Work instructions: Return all of the data verbatim, dropping any picture.

Provided material:
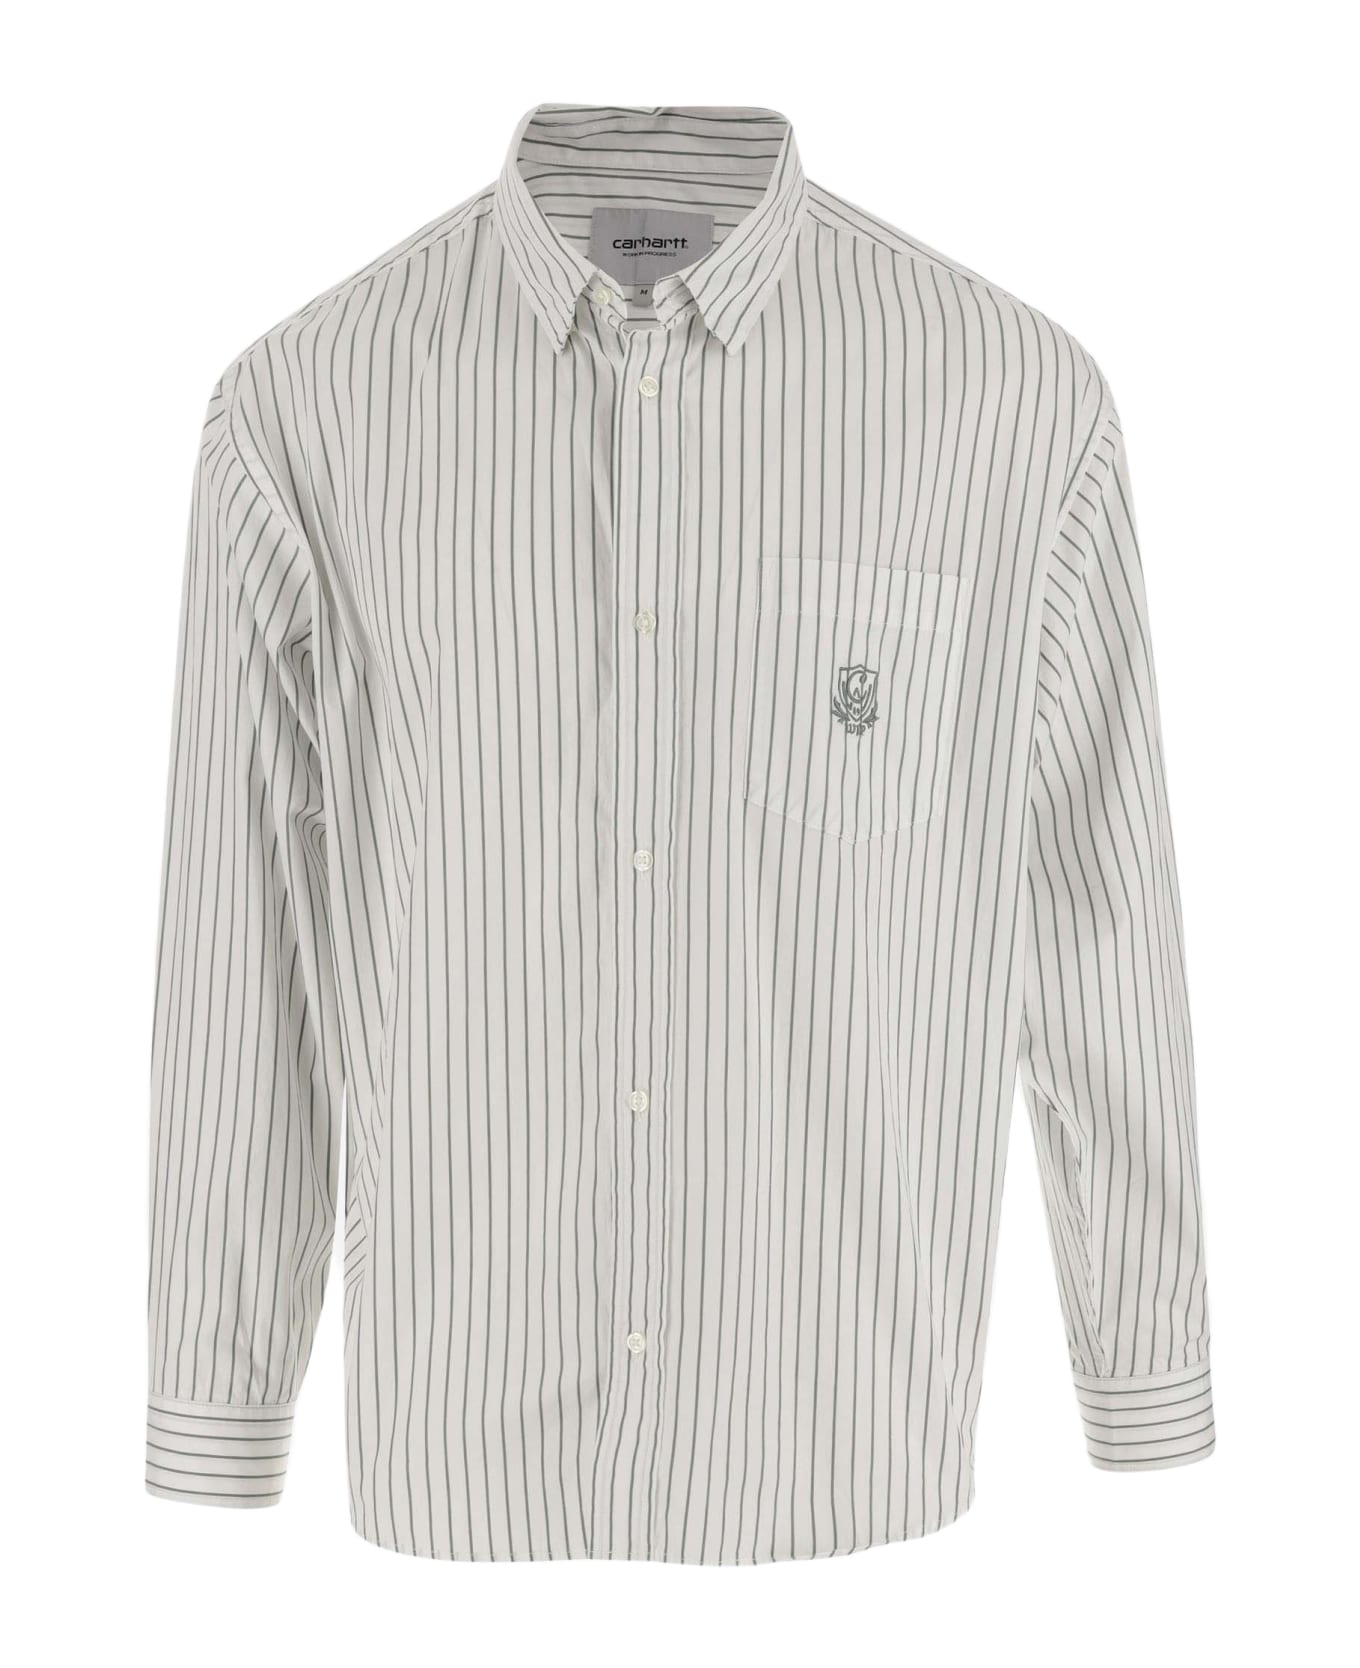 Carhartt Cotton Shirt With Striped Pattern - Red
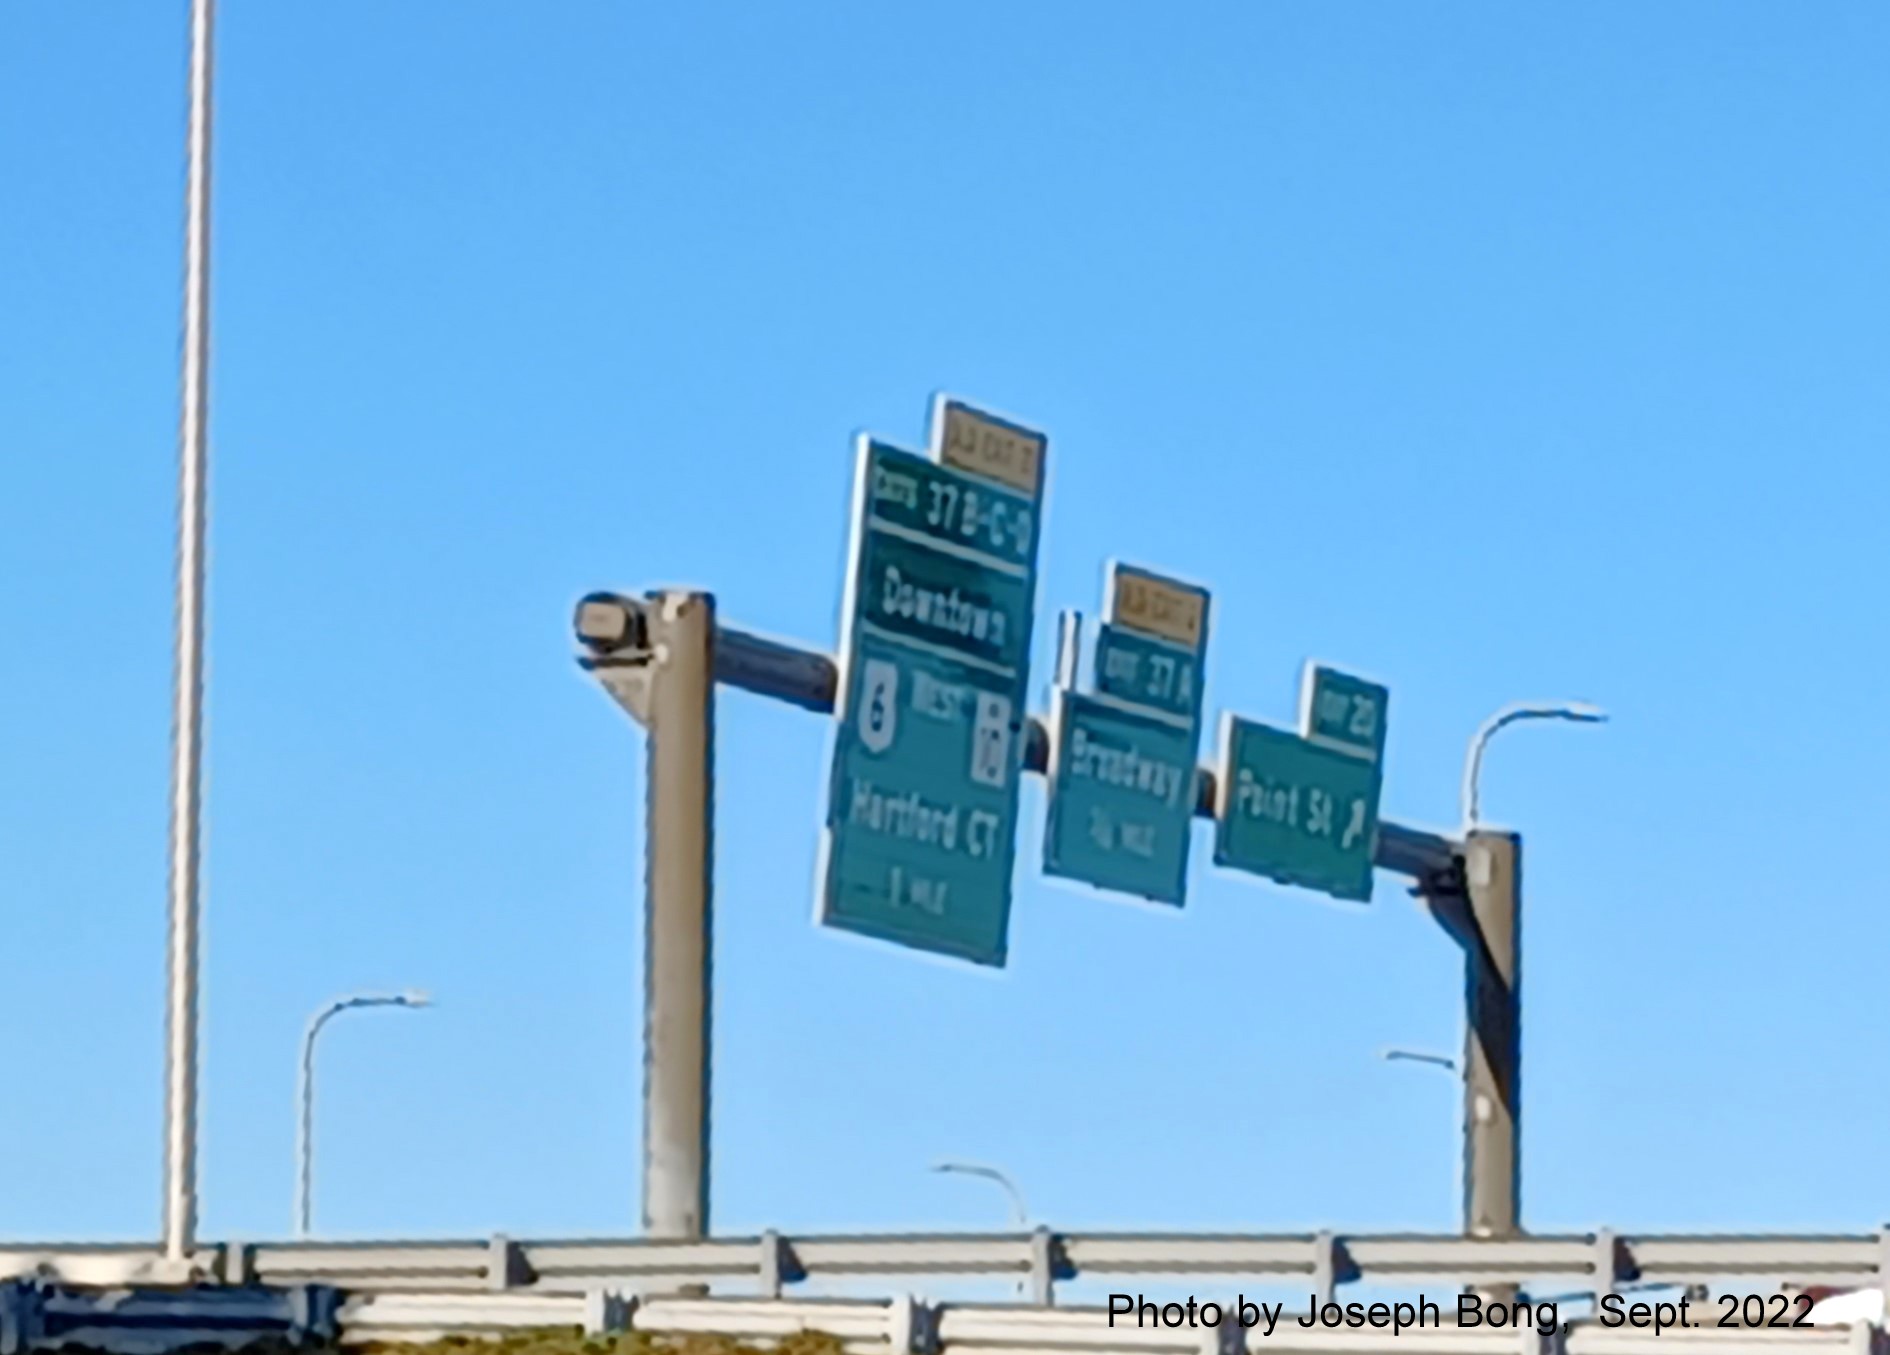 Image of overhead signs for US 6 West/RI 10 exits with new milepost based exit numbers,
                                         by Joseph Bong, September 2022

Output of the exercise:
 Carhartt Cotton Shirt With Striped Pattern - Red
 Image of overhead signs for US 6 West/RI 10 exits with new milepost based exit numbers,
                                         by Joseph Bong, September 2022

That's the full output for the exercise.